The headlines say it all: “Worker killed by steamroller,” “Worker hit and killed on Highway 9,” “Worker hit, killed in construction zone.”
Highway maintenance workers have some of the most dangerous jobs in the construction field, as do power-line installers and excavators.
So says a new study that examines the role of “struck-by” hazards in the cause of fatal and nonfatal injuries in construction.
The study, by the Center for Construction Research and Training, found that from 2011 to 2015, 804 construction workers died from struck-by injuries, more than any other major industry including agriculture and transportation.
Construction also had the highest rate of nonfatal struck-by injuries among all industries.
About half (52.2%) of the struck-by fatalities were caused by an object or equipment, the study found.
Struck-by hazards originate from many sources. The most common include:
- accidental hits by cranes, heavy equipment and loader trucks;
- falling, flying, slipping, rolling and swinging equipment and materials;
- poorly stacked heavy materials that may fall, slip and slide;
- objects leaning against walls or posts;
- unmarked low beams or pipes at site.
The study found that highway maintenance workers had the highest rate of fatalities due to struck-by injuries, with 16 deaths per 100,000 full-time equivalent workers.

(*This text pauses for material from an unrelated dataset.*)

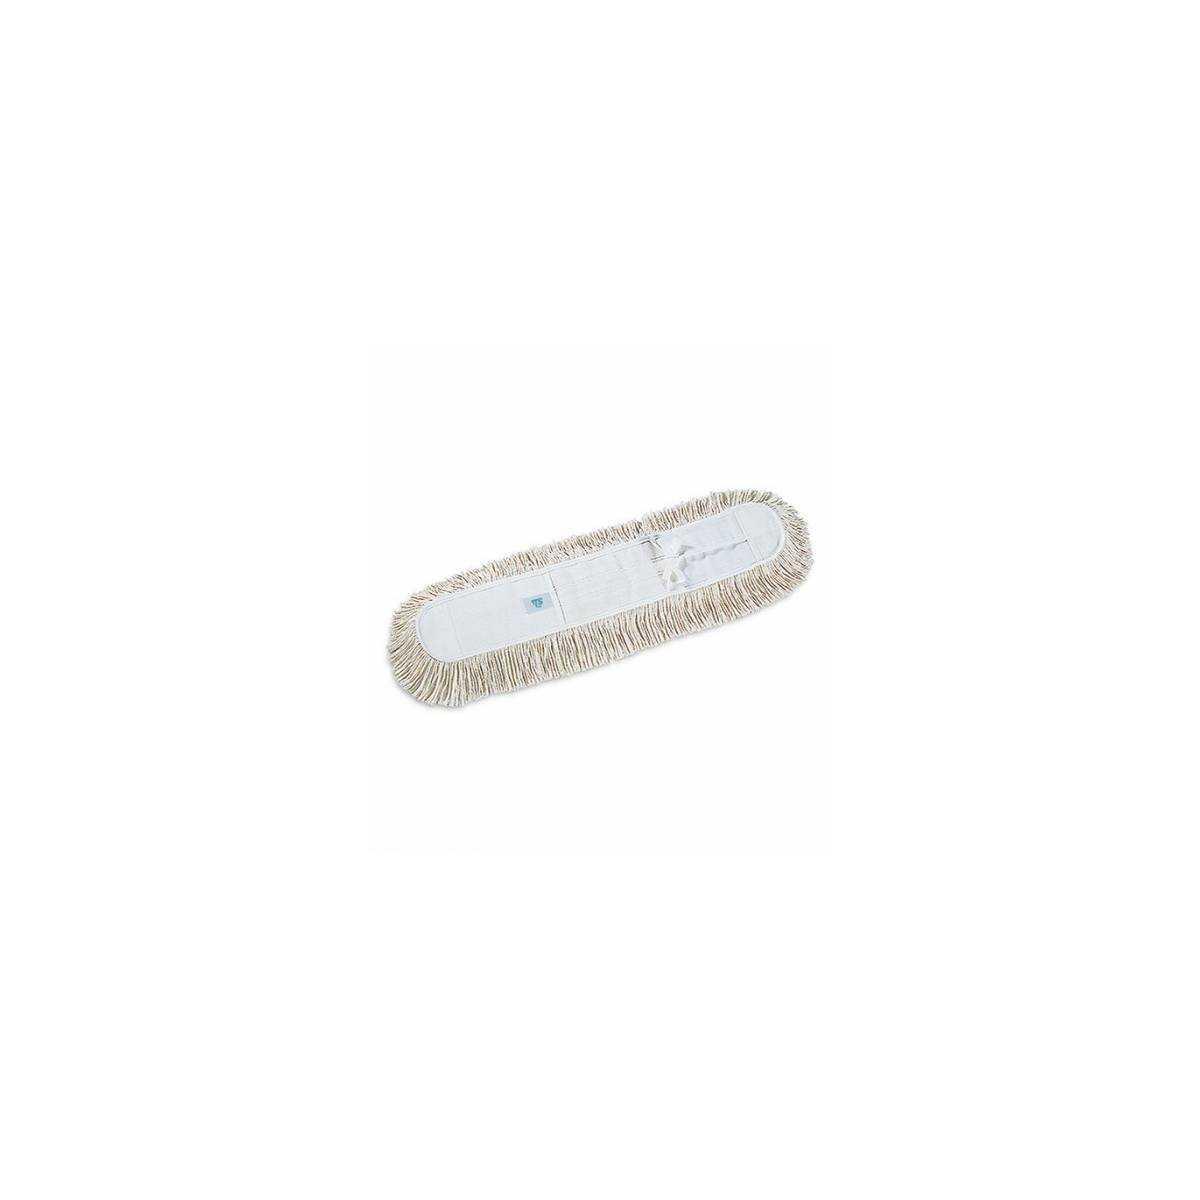 Моп (запаска) для сухой уборки хлопок 40см с завязками 251 TTS

The number of struck-by fatalities tracked the overall fatality trend in construction, falling during the recession and increasing afterward. In 2015, 162 construction workers died from struck-by injuries, a 2.5% increase from 2011 and 34% higher than the low point in 2010.
Overall, 57% of struck-by vehicle fatalities were due to being struck by forward-moving vehicles, while 26% were struck by backing-up vehicles.

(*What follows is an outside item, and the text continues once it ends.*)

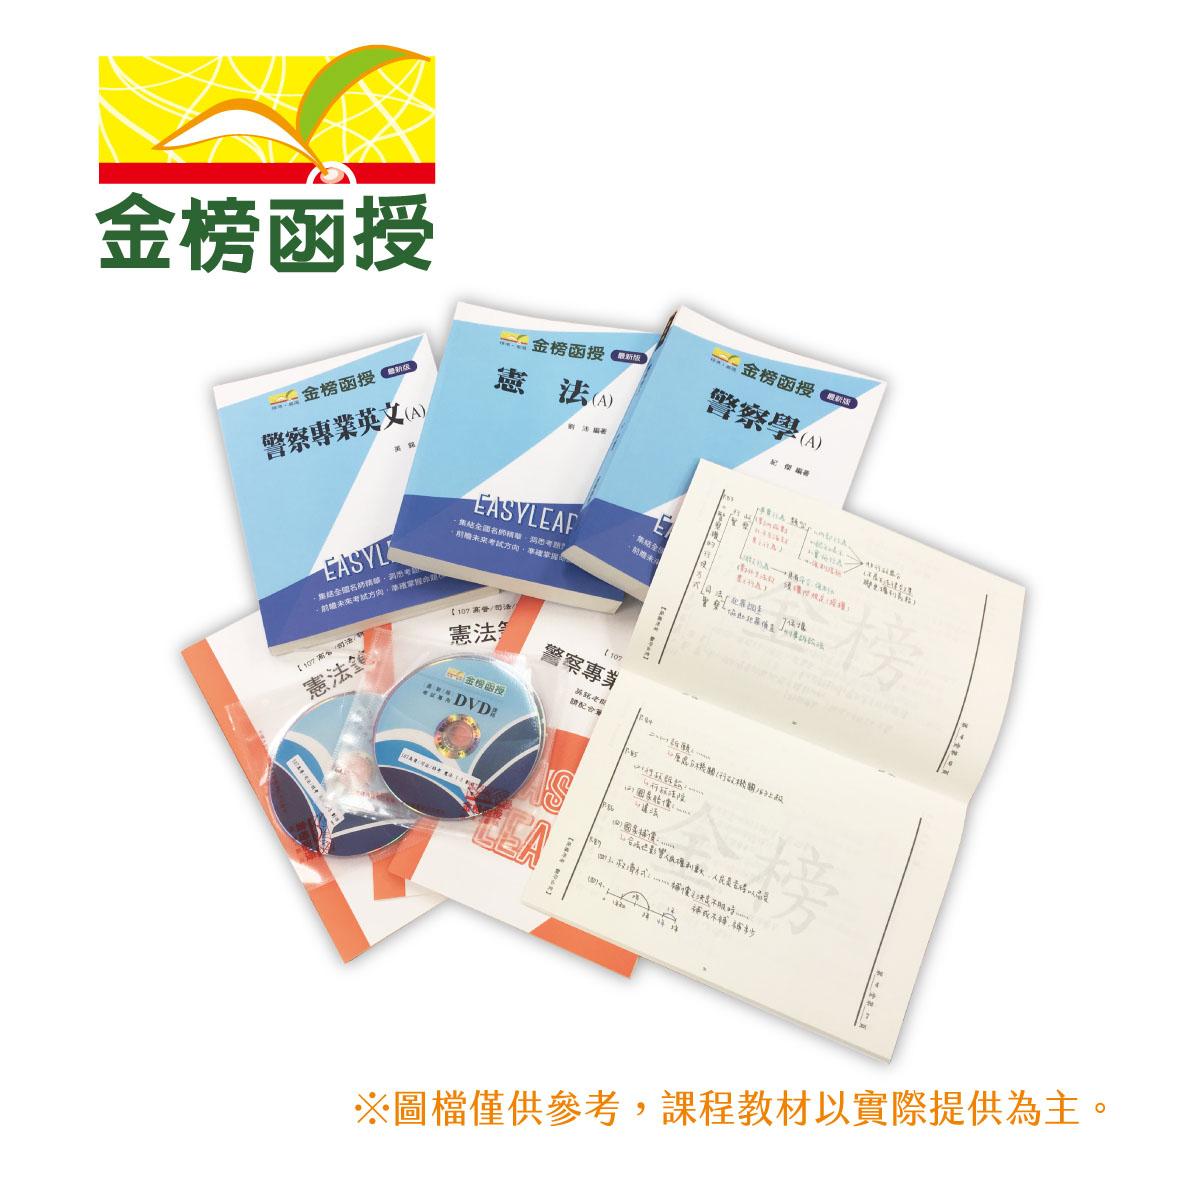 108金榜函授/高考三级/年度课程/全套/人事行政/云端/专业科目

The study also found that, in general, older construction workers had a higher risk of struck-by fatalities, while younger workers had a higher risk of nonfatal struck-by injuries.

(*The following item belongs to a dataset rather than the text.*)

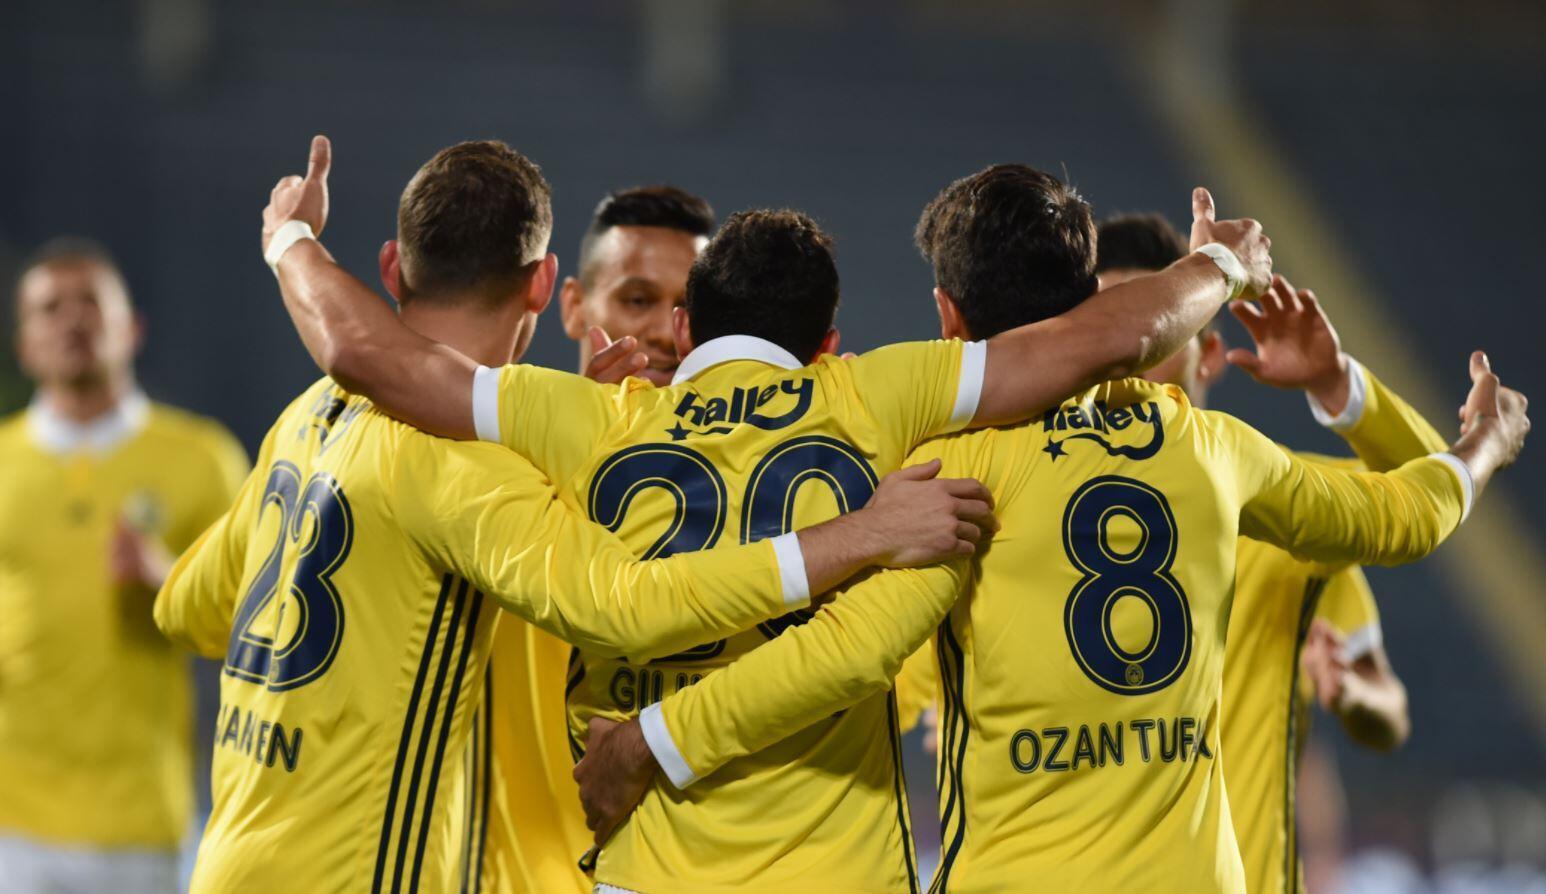 Fenerbahçe Opete Bulgar smaçör 36

The center included a number of recommendations that can help cut the number of deaths caused by struck-by injuries. These included backup cameras, hardhats with illumination and better lighting in road work construction zones.
The prevalence of struck-by deaths and injuries spurred OSHA to come up with plans for curbing such hazards. Struck-by accidents have been incorporated into OSHA’s Focus Four initiative, which concentrates training and resources on the most common types of construction accidents.
Falls, caught-in and caught-between, and electrocution hazards also are on that list.